I went to
Versailles; I trod with reverent step those historic precincts
adorned with art treasures uncountable, with curios magnificent,
with relics invaluable. I visited the little palace and the big;
I ventured deep into that splendid forest where, in the company
of ladies regarding whom there has been a good deal of talk
subsequently, France's Grandest and Merriest Monarch disported
himself. And I found out what made the Merriest Monarch merry - so
far as I could see, there was not a bathroom on the place. He was
a true Frenchman - was Louis the Fourteenth.
In Berlin, at the Imperial Palace, our experience was somewhat
similar. Led by a guide we walked through acres of state drawing
rooms and state dining rooms and state reception rooms and state
picture rooms; and we were told that most of them - or, at least,
many of them - were the handiwork of the late Andreas Schluter.
The deceased Schluter was an architect, a painter, a sculptor, a
woodcarver, a decorator, all rolled into one.

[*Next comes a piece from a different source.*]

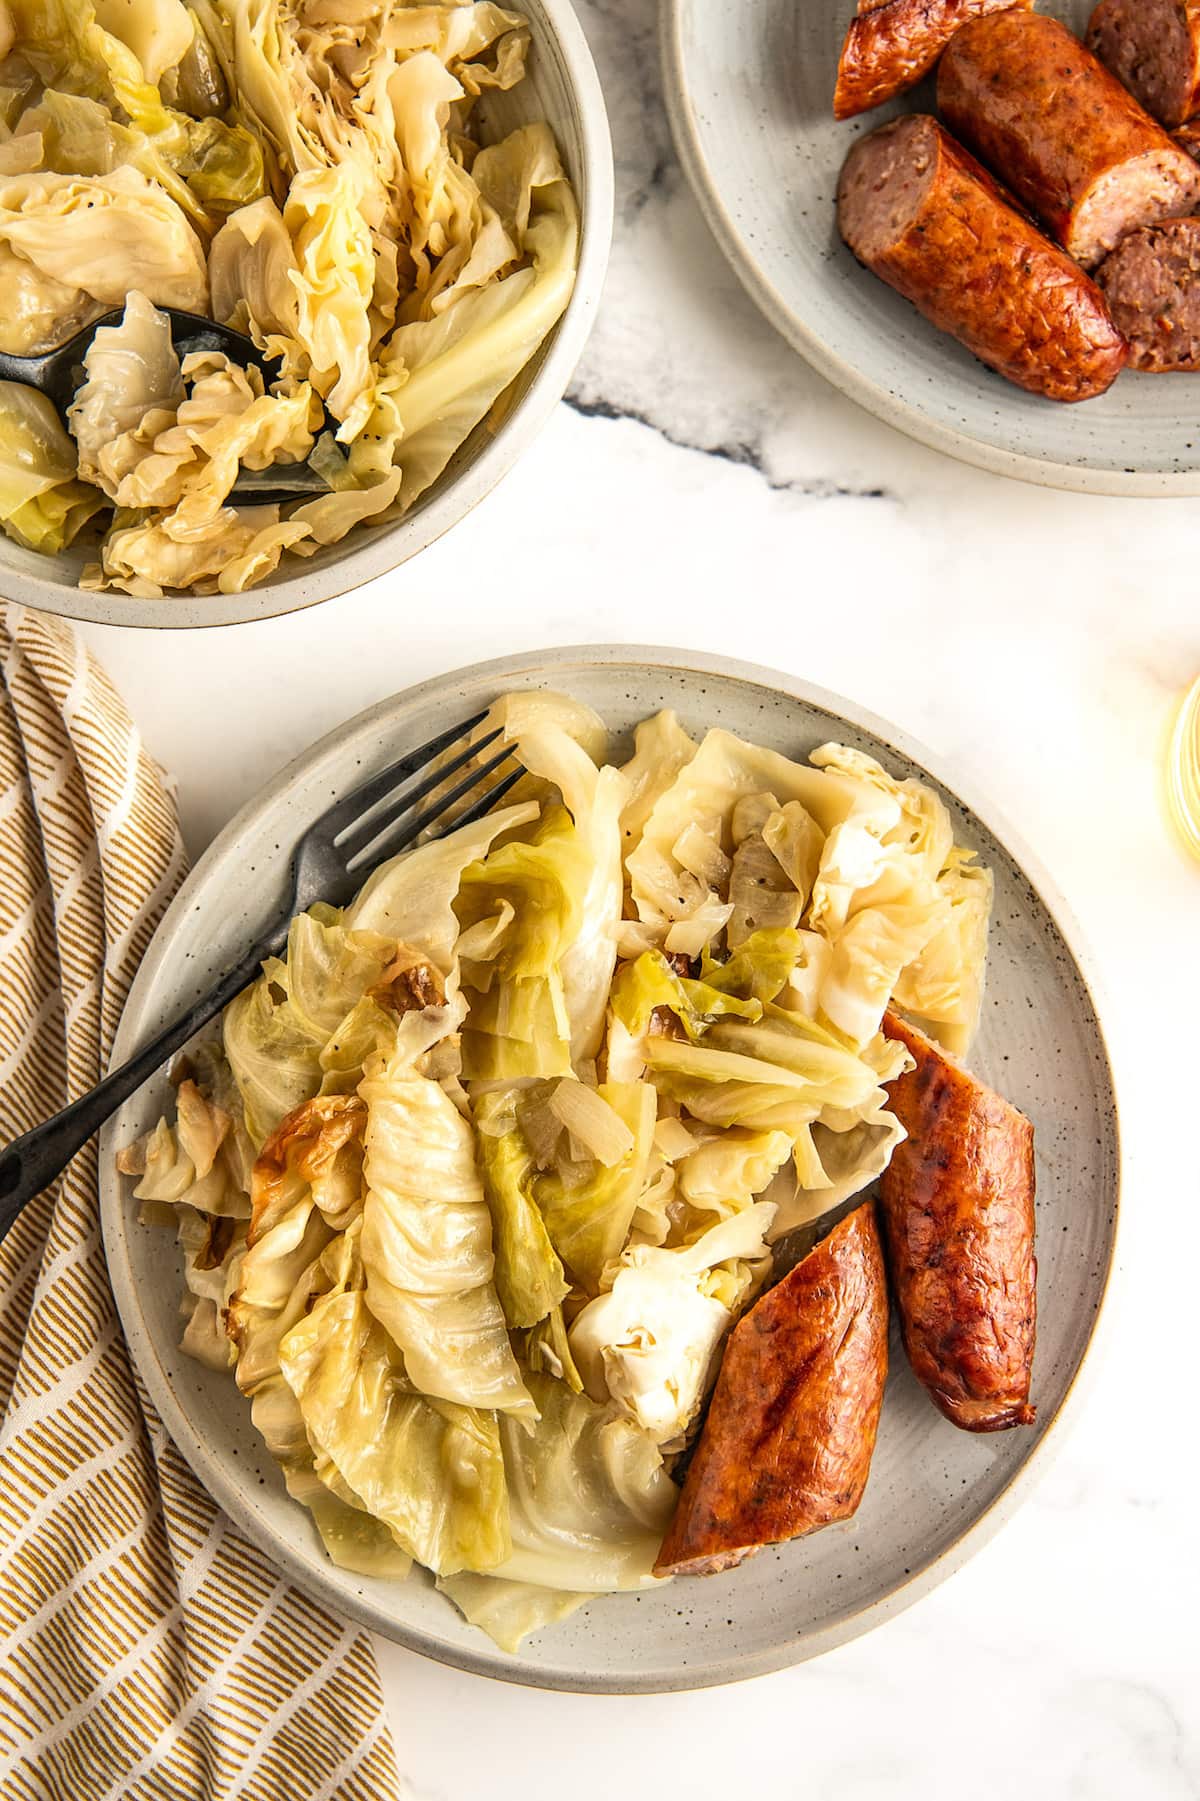 A plate of sausage and cooked cabbage.

He was the George
M. Cohan of his time; and I think he also played the clarinet,
being a German.
We traversed miles of these Schluter masterpieces. Eventually we
heard sounds of martial music without, and we went to a window
overlooking a paved courtyard; and from that point we presently
beheld a fine sight. For the moment the courtyard was empty,
except that in the center stood a great mass of bronze - by Schluter,
I think - a heroic equestrian statue of Saint George in the act of
destroying the first adulterated German sausage. But in a minute
the garrison turned out; and then in through an arched gateway
filed the relief guard headed by a splendid band, with bell-hung
standards jingling at the head of the column and young officers
stalking along as stiff as ramrods, and soldiers marching with the
goosestep.
In the German army the private who raises his knee the highest and
sticks his shank out ahead of him the straightest, and slams his
foot down the hardest and jars his brain the painfulest, is promoted
to be a corporal and given a much heavier pair of shoes, so that
he may make more noise and in time utterly destroy his reason.
The goosestep would be a great thing for destroying grasshoppers
or cutworms in a plague year in a Kansas wheatfield.
At the Kaiser's palace we witnessed all these sights, but we did
not run across any bathrooms or any bathtubs. However, we were
in the public end of the establishment and I regard it as probable
that in the other wing, where the Kaiser lives when at home, there
are plenty of bathrooms. I did not investigate personally. The
Kaiser was out at Potsdam and I did not care to call in his absence.